▶ PROVIDED MATERIAL:
========================

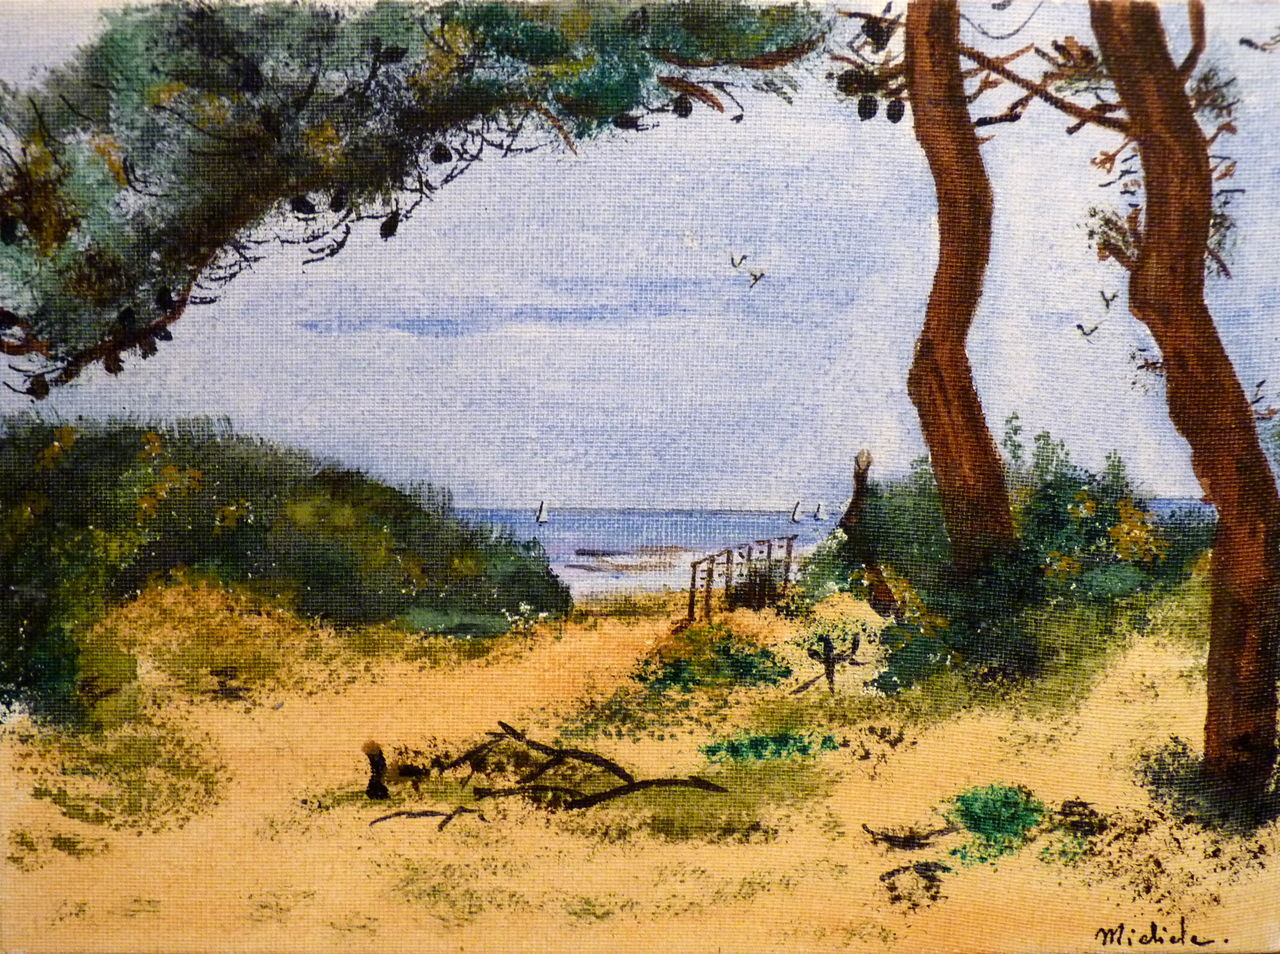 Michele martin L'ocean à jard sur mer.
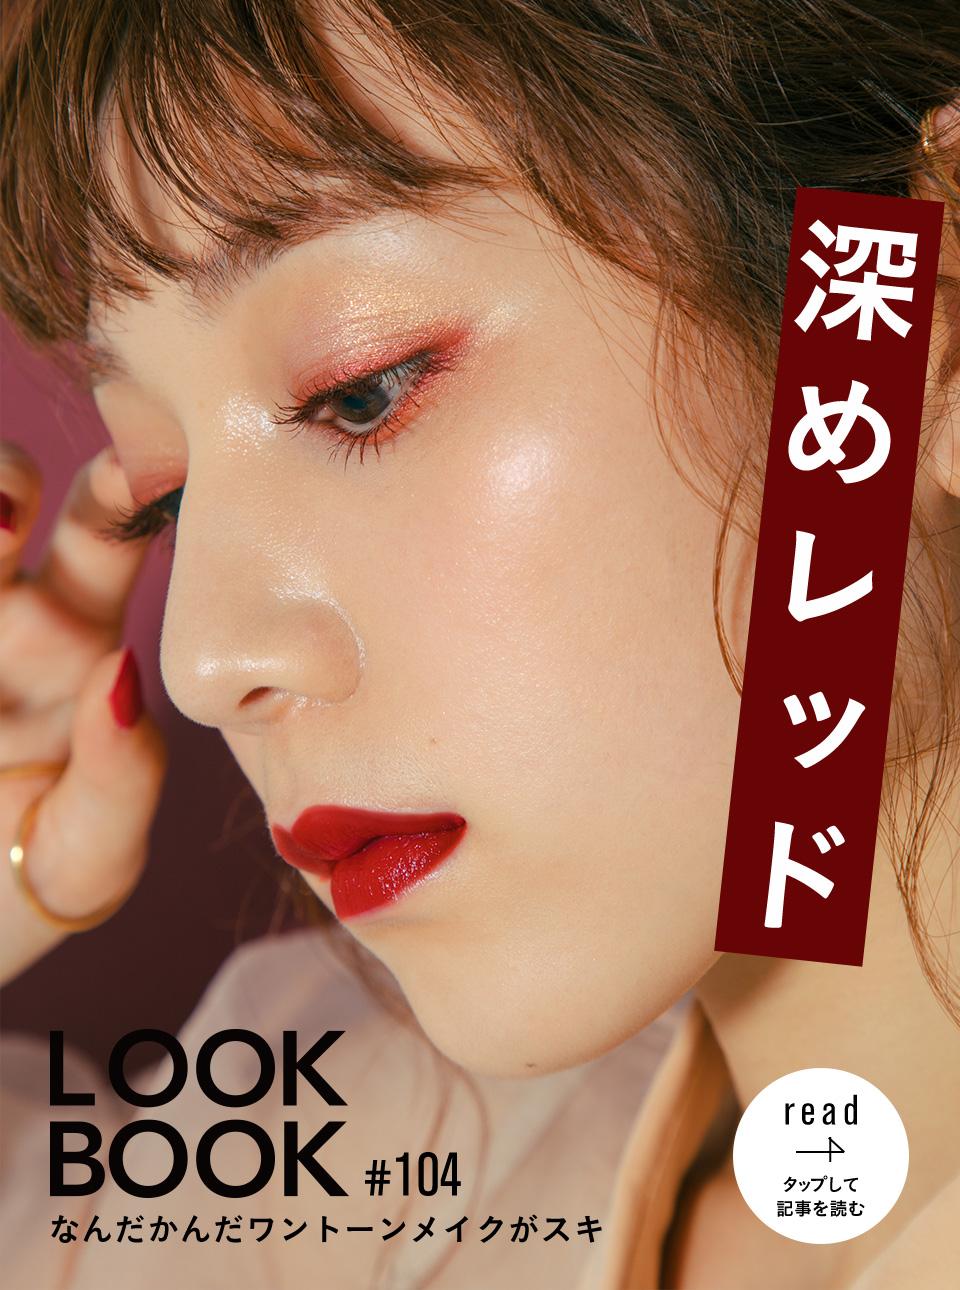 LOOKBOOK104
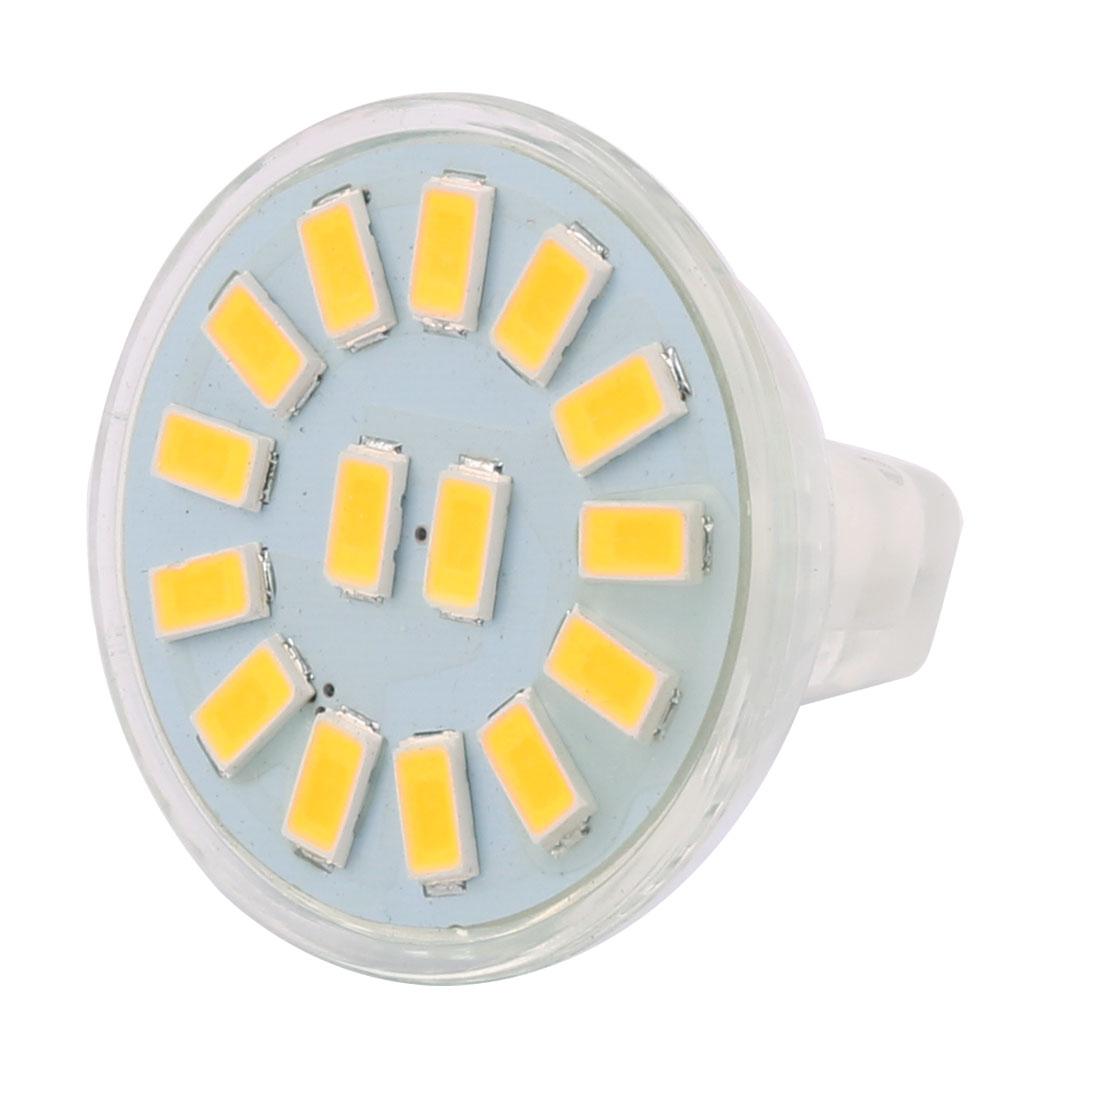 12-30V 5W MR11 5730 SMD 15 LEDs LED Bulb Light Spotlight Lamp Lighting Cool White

========================

▶ WHAT IS BEING ASKED: Transcribe the listing above in full and exactly; no pictures belong in the copy.

▶ EXPECTED ANSWER:
 Michele martin L'ocean à jard sur mer.
 LOOKBOOK104
 12-30V 5W MR11 5730 SMD 15 LEDs LED Bulb Light Spotlight Lamp Lighting Cool White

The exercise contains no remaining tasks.